My current learnings around Large Language Models (LLMs) has lead to me running into more acronyms and terms that have either left my memory or are new to me. I decided a blog post was needed to help me keep track.
NLP
Natural Language Processing. The use of Machine Learning (ML) and Deep Learning (DL) has helped to progress NLP in recent times, especially with ML / DL being used with the large amounts of text data available via the internet.
Stop Words
Not a call to arms to stop words, but an actual classification for a type of words. Stop Words are words like “the” and “and”. Stop Words appear in sentences but are considered insignificant. When removed from a sentence, the sentence can still be read and understood. Stop Words are removed during NLP, and seem to be called Stop Words as they are stopped from proceeding further into the process.
Stemming
Stemming is the act of reducing a word to its stem, or root.
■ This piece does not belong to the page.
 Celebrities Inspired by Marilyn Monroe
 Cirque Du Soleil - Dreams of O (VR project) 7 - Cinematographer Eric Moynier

This is because some words have the same root meaning, even if they mean it in slightly different ways. Wikipedia gives an example of catty, catlike and cats, all three of which can be stemmed back to the word cat.
Lemmatization
Like stemming, Lemmatization looks to group together words. However, Lemmatization does so whilst trying to also take into effect the meaning of the word and the meaning of the sentence the word is used in. The lemma of better would be good.
Text Normalisation
The process of removing punctuation such as full stops, commas and exclamation marks. Also includes changing the case of all the text involved, e.g. to lower case.
n-grams
An n-gram is a multi word phrase. A single word is a unigram, a two word phrase is a bi-gram, a three word phrase is a tri-gram. n-grams allow ML to consider the text as a whole, rather than the individual words.
Corpus
A corpus is a body of text. It’s a latin word.